King Torture is a criminal who loves torturing his victims. All of the monsters he sends to Japan are hypnotized by him and commit crimes that slowly become more ridiculous and pointless in order to appear harmless and draw attention away from King Torture's ultimate plan to unite all of humanity into a single hive-minded monster to create true "evil" peace. He was a boy who was taken with superheroism just like Masayoshi, only in his case he was taken with the evil side instead of the just, as he claims superheroism is a pointless, thankless job which never leads to the peace that heroes promise. He claims that the monsters he sent all agreed to the transformation procedure and willingly put their lives on the line for their shared dream, and as such immortalizes them in a shrine containing their caskets. King Torture is so fanatically devoted to being a villain, he willingly amputates his own arm to attach a chainsaw to defeat Masayoshi and turn him into his latest cyborg comrade. King Torture is killed when he is impaled on the sharp severed limb of one of his life size figures and activates the missile that will kickstart the transformation of humanity before dying of his wounds. Hidenori manages to destroy the missile with a motorcycle at the last second, ending Torture's plans. Upon death, King Torture's monsters will shout "Viva Torture."

From Beyond is an alien organization that provided Torture with the power to make monsters. From Beyond often uses stylish promotional videos to introduce the next monster that it sends to the Earth. The organization is broken up into smaller groups which are confronted by the Flamengers one by one. Upon death, From Beyond's monsters recite the oath "From Beyond to Heaven." The closest thing the group has to a leader is "Beyond Flamenco", a mysterious being that looks identical to Masayoshi and claims to be his brother, but who is actually a version of Masayoshi brought to this universe by Alien Flamenco who, in his crusade to destroy evil, abandoned his ideals. Beyond Flamenco commits suicide with Masayoshi's gun and the entire remaining membership of From Beyond vanishes.

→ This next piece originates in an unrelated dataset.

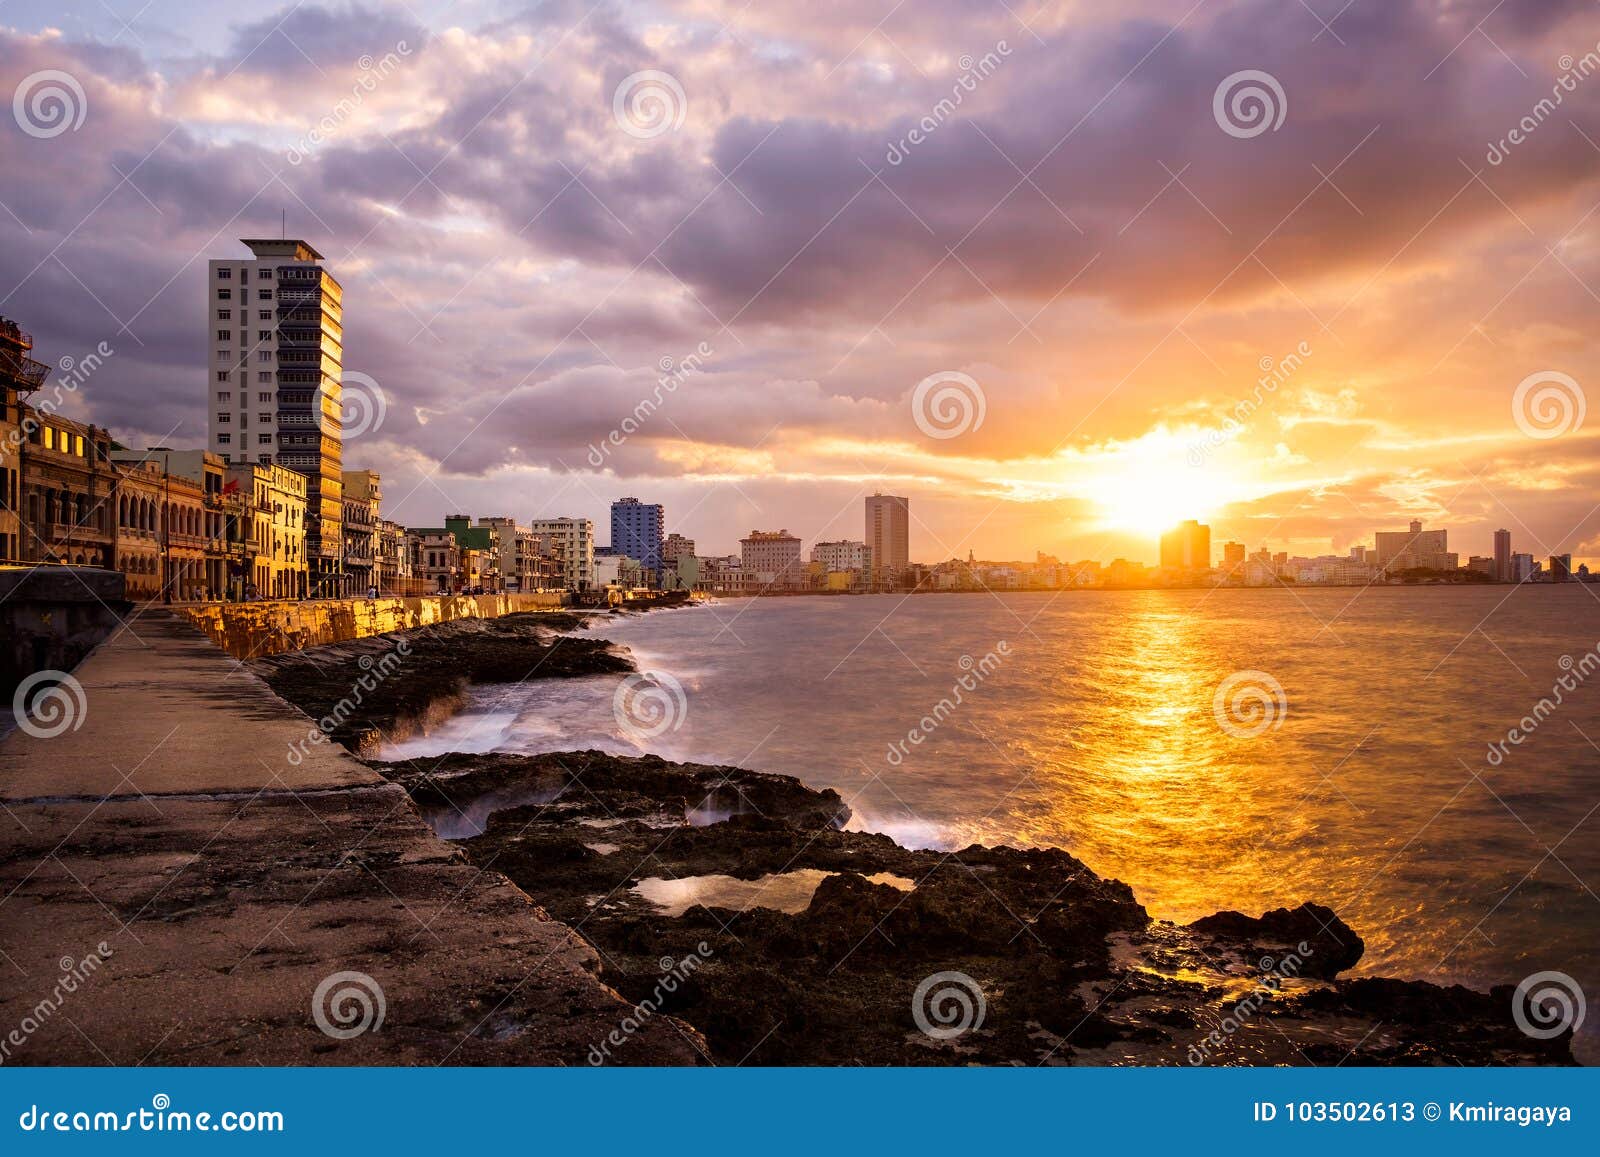 romantic sunset at the malecon seawall in havana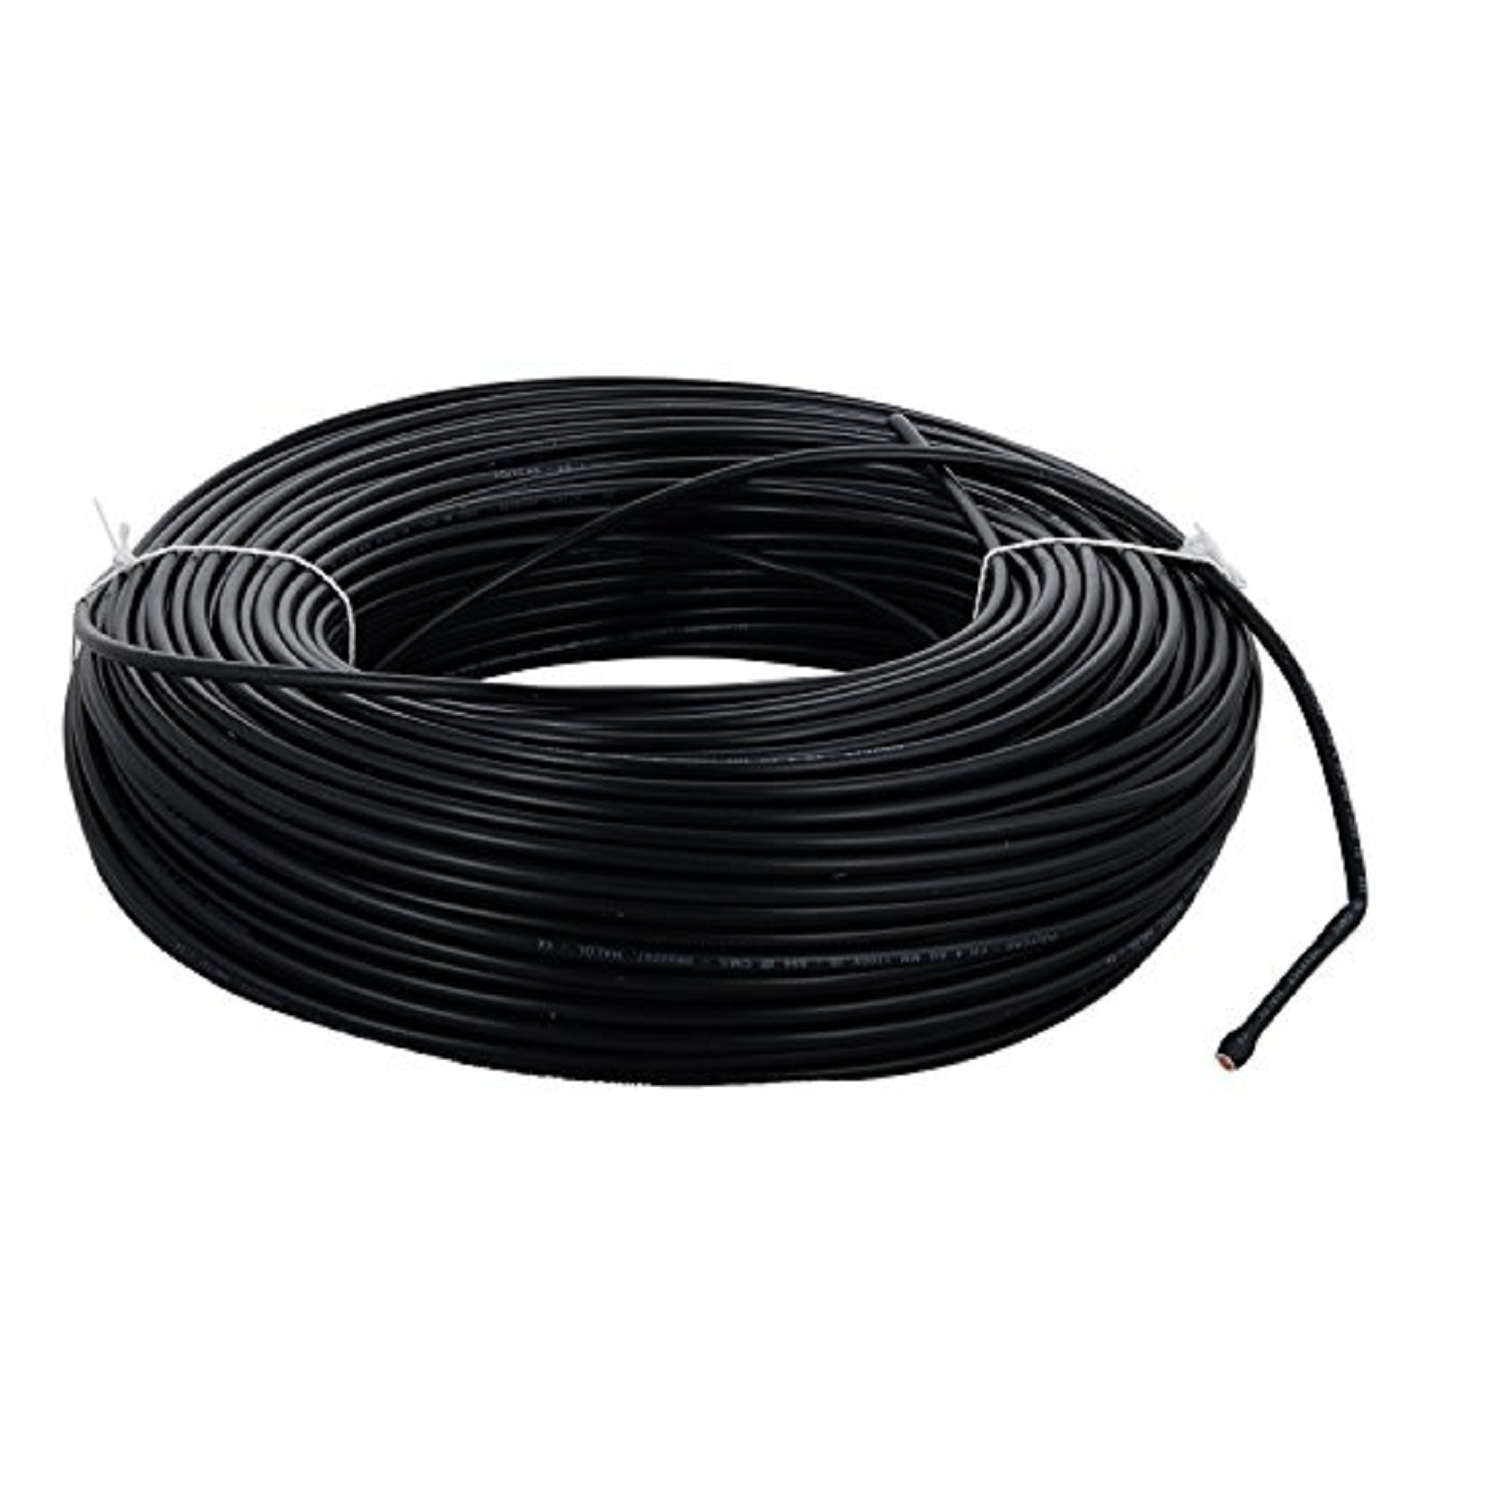 Polycab FR-LS 2.5 SQ-MM, (300 Meters) PVC Insulated Copper Wire Single Core (Black)

Prime Minister of Japan. He spearheads an anti-vigilante campaign in order to raise his approval rating to 100%. He possesses a special suit of armor that grows stronger the higher his approval rating. The "F" in his name stands for "Flamenco," a quirk that makes Masayoshi realize that the word appears everywhere. He was later ousted after unknowingly telling the public (thanks to Konno's streaming of the battle between Masayoshi & Goto and the Prime Minister) that he spearheaded the anti-vigilante campaign to boost his approval rating and not even caring about the citizens. In actuality, he was attempting to raise his approval ratings so that the suit would be powerful enough to defeat Alien Flamenco.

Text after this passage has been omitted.